Il lettore ideale di Racconti edizioni potresti essere tu




Per leggere solo storie brevi, nuove e classiche, per ricordarsi di Kafka, amare i libri bianchi, ascoltare gli oracoli e candidarsi a prototipo di lettore di Racconti edizioni, leggete l'intervista all'ora del tè a Stefano Friani, che nel 2016 ha fondato la casa editrice con Emanuele Giammarco. 

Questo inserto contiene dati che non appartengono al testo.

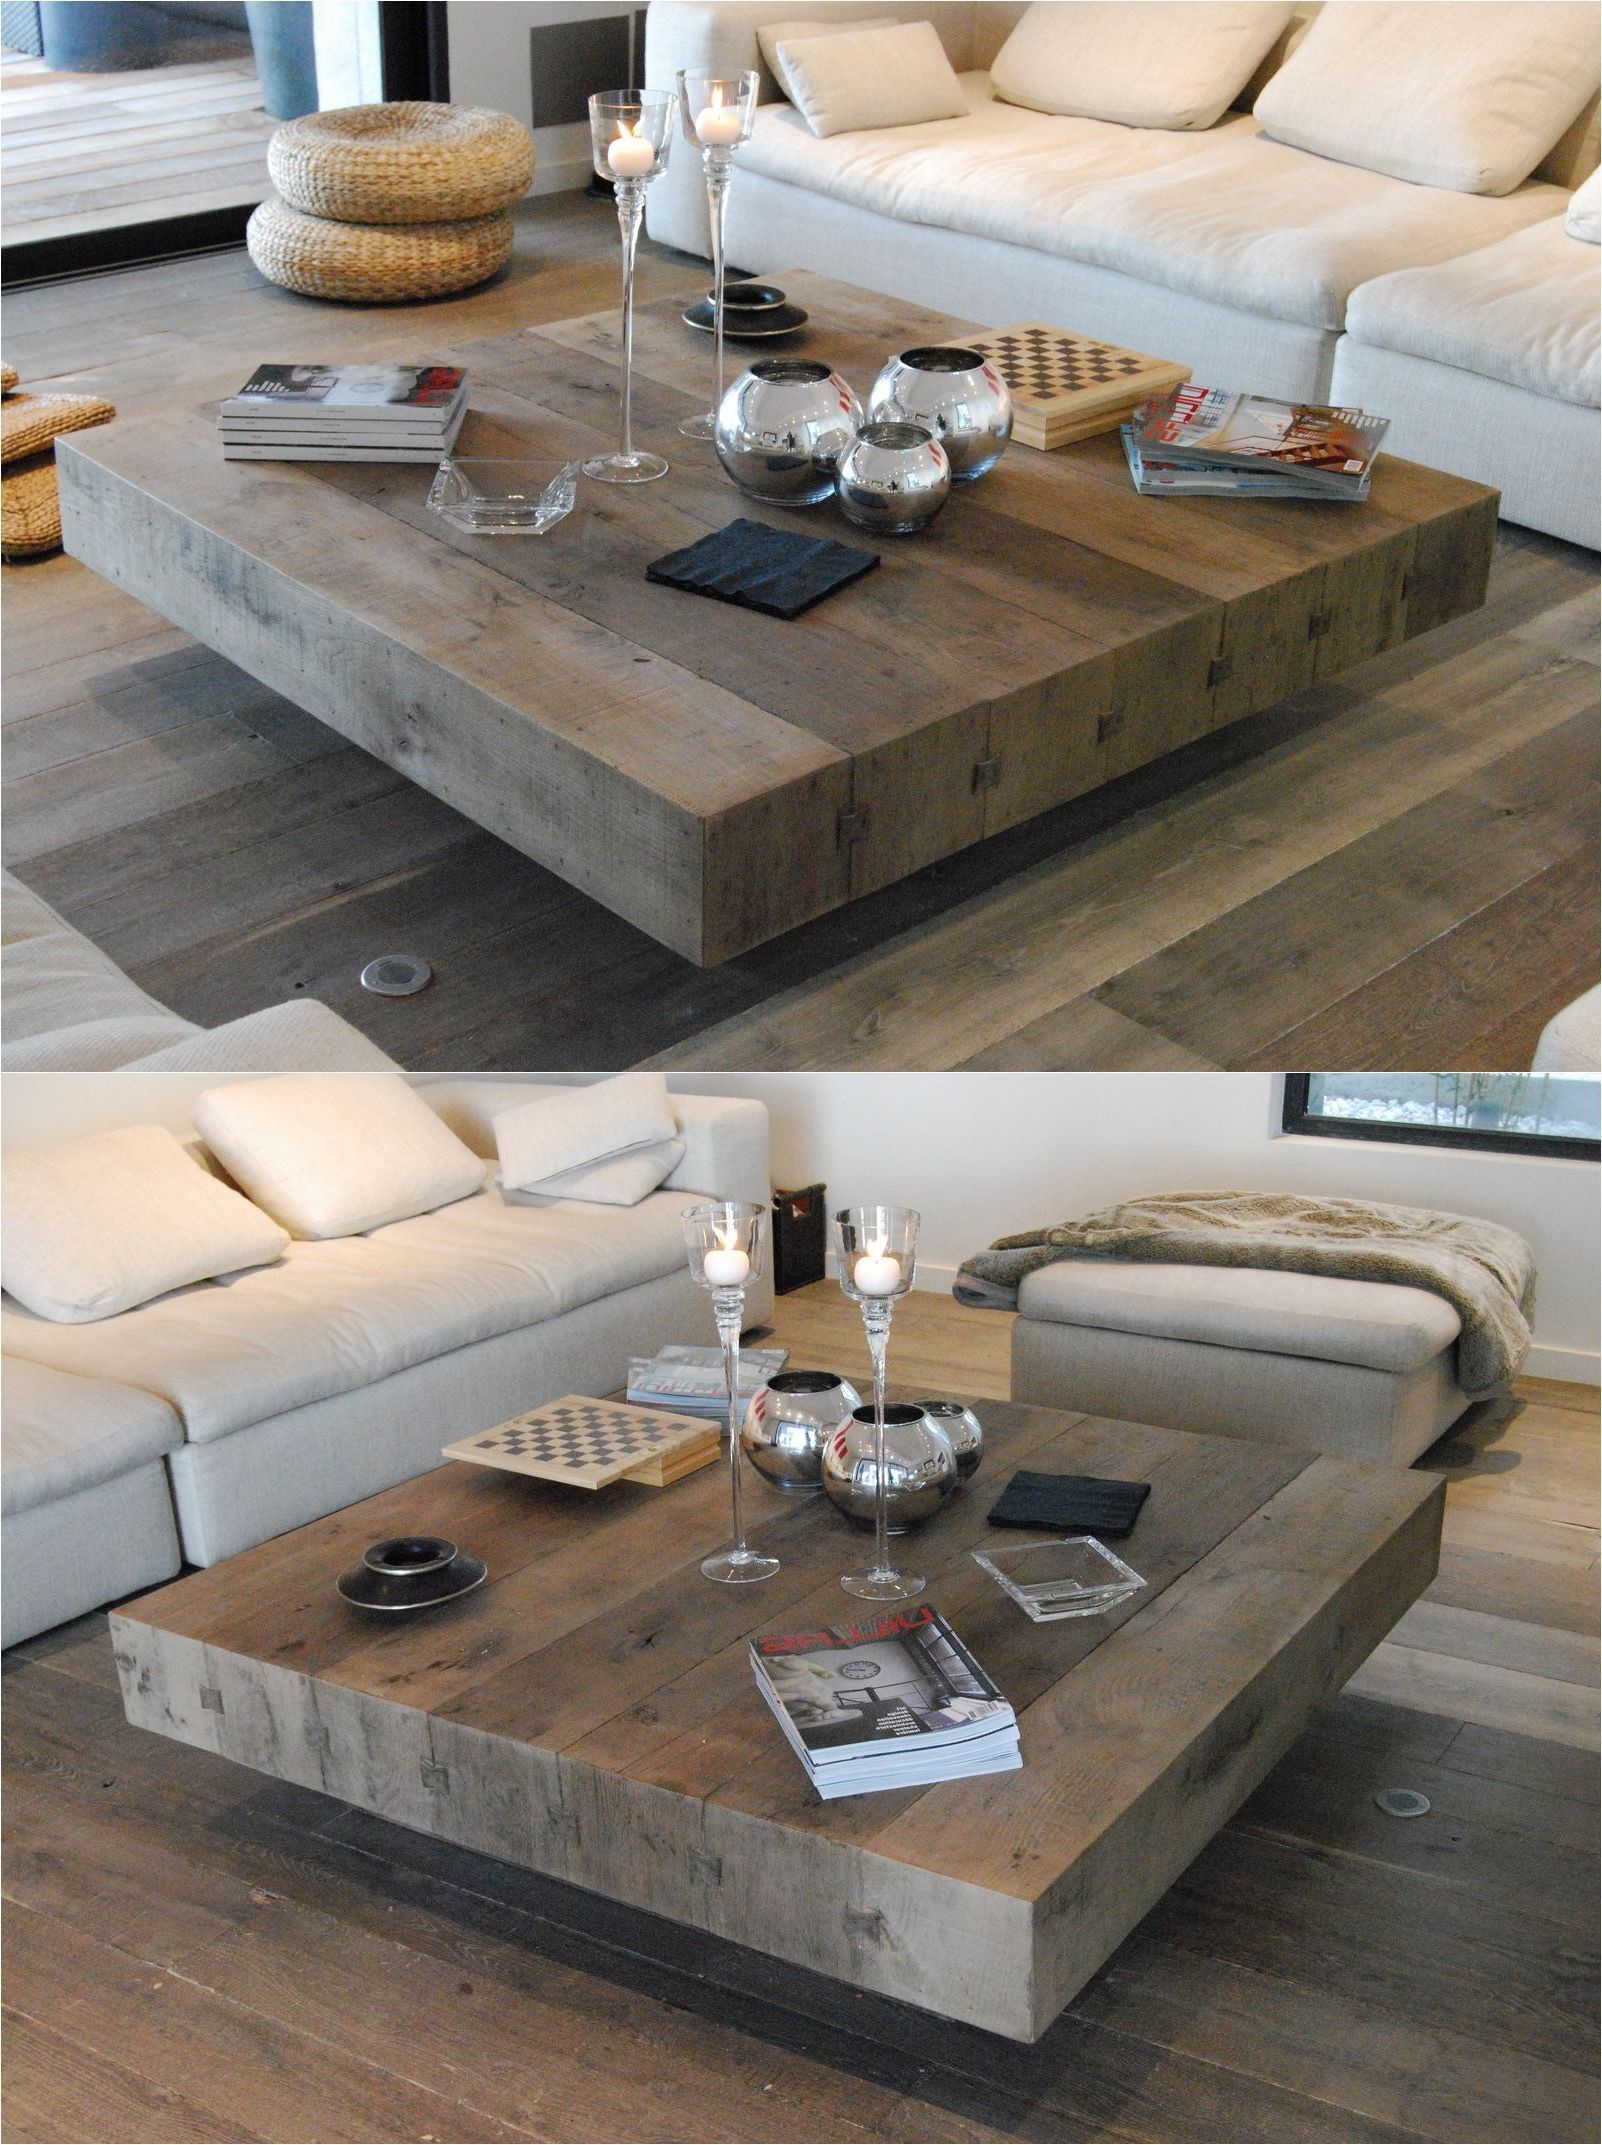 15 Large Square Coffee Tables For Sale Inspiration Pertaining To Current 1 Shelf Square Coffee Tables (View 2 of 20)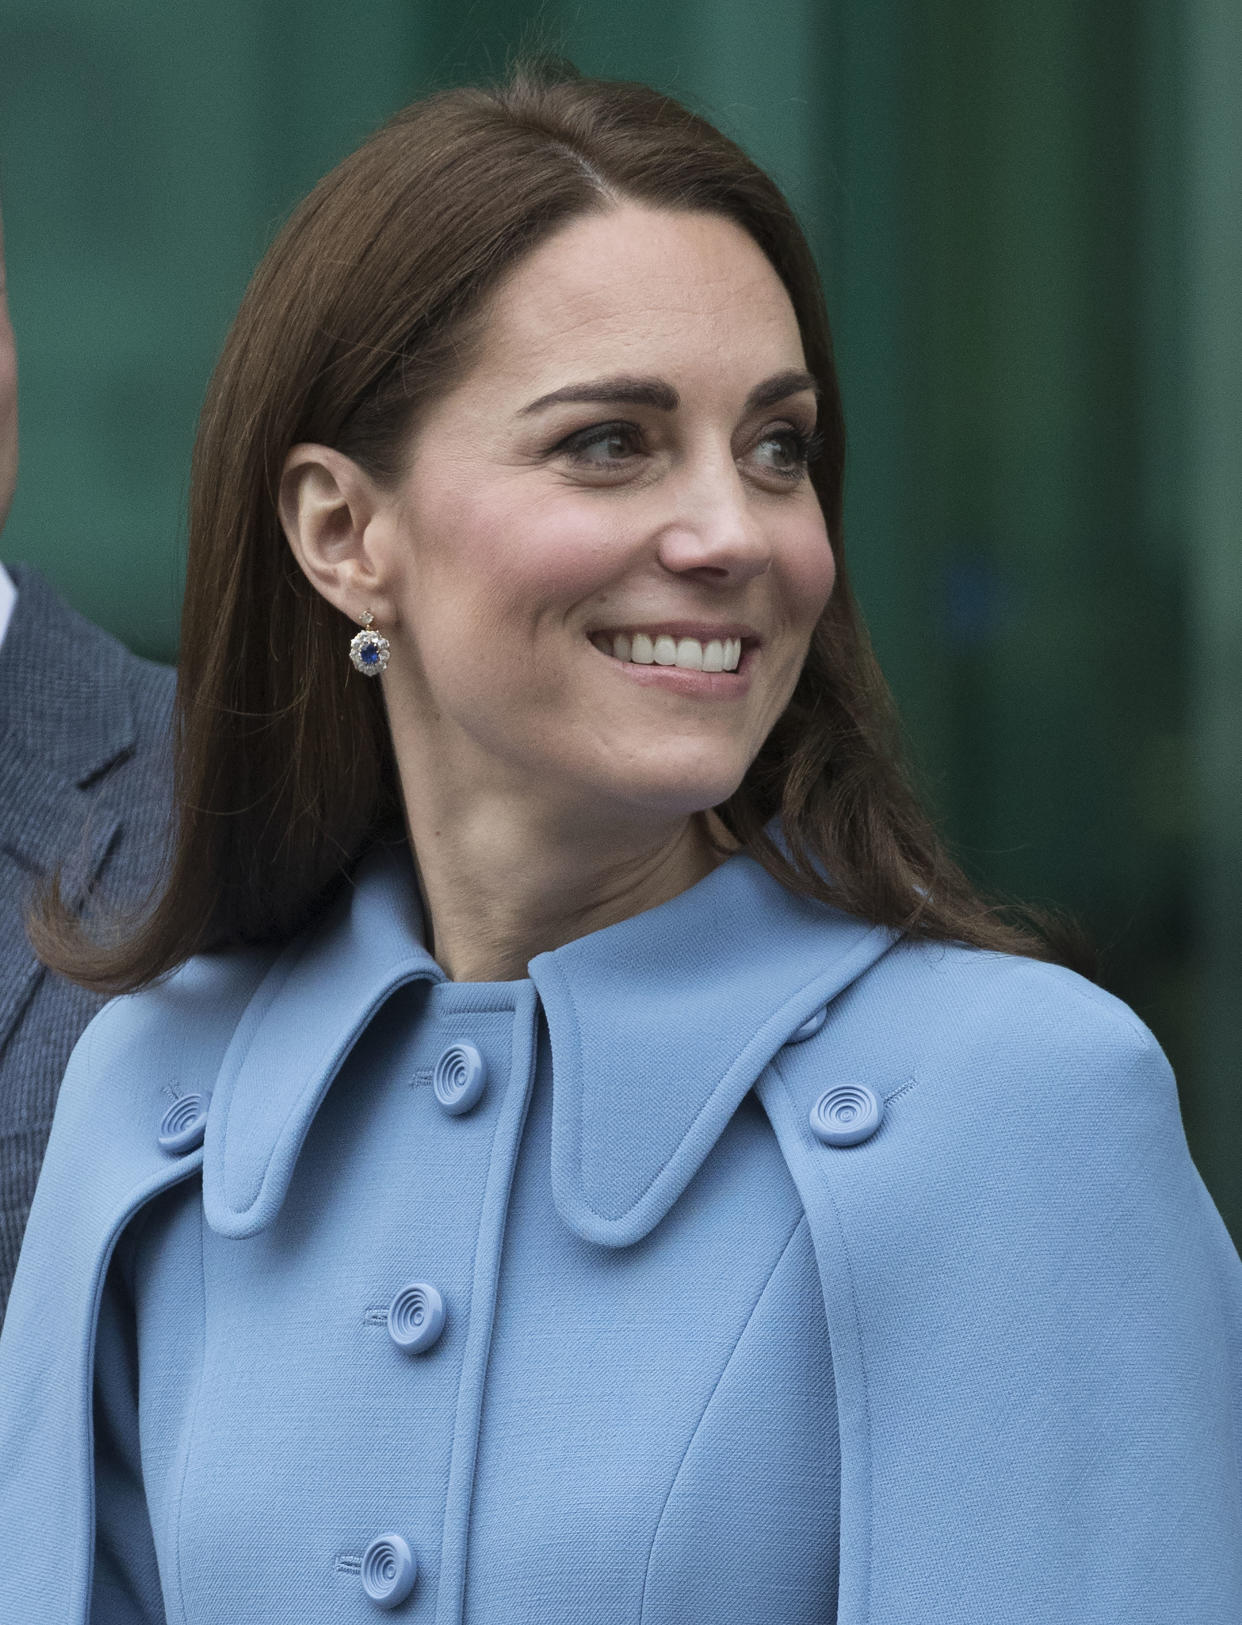 Kate Middleton received her first dose of the COVID-19 vaccine. (Photo: Stephen Lock - Pool/Getty Images)

Racconti è una casa editrice giovane giovane e ha subito conquistato i lettori e di certo i blogger, qual è stata la vostra strategia o non strategia per farvi conoscere?
Racconti fa il suo debutto sui social (all’inizio erano solo twitter e facebook, ora si è aggiunto da poco Instagram) il primo marzo del 2016 e da quel momento il nostro provetto social media manager Leonardo Neri ha adottato una voce scanzonata (prima no, prima era baritono) che crediamo sia piuttosto riconoscibile e sentiamo «nostra». L’idea era che si potessero comunicare i libri senza boria o alterigia, ma con un piglio un filo più orizzontale e dialogante. A parte i social bisogna dire che sono stati cruciali l’apporto delle fiere, delle presentazioni in giro per l’Italia e la conoscenza diretta con i lettori in quel vis à vis che può facilmente tramutarsi in un corpo a corpo che è il raccontare e possibilmente vendere i libri, facendoli incontrare a chi non sapeva ancora di volerli magari e a chi invece non vedeva l’ora di rinverdire vecchie conoscenze. Alcuni passaggi sulla carta stampata e non solo poi sono stati altrettanto fondamentali: penso alle interviste su Repubblica, il Foglio, il Giornale,  o all’attenzione riservataci dal Manifesto o Vanity Fair o Internazionale o Il Libraio e alle tante recensioni ottenute dai libri, praticamente ovunque, in una rassegna stampa davvero rilevante per le nostre dimensioni lillipuziane. Un ruolo da non sottovalutare – in questa «strategia comunicativa» molto a posteriori – lo ha giocato il nostro blog Altri animali, un luogo per l’appunto altro rispetto alla casa editrice in cui spesso trovano spazio cose magari afferenti ma non sempre in linea con le idee di chi la casa editrice la abita e la vive, uno spazio il più possibile rizomatico e plurale che ci serve per costruire anzitutto un discorso e poi, magari, una comunità e, già che ci siamo, coinvolgerla nel nostro progetto culturale. Non so se ti ho risposto, ma in buona sostanza credo che a convincere gli operatori di settore e i lettori a darci una credibilità che non sappiamo ancora se meritare o meno sia stata soprattutto l’idea di una casa editrice di soli racconti e l’epica sfigata di un’azione così donchisciottesca da non esserlo affatto. Forse l’idea era talmente buona che nemmeno noi siamo riusciti a sabotarla.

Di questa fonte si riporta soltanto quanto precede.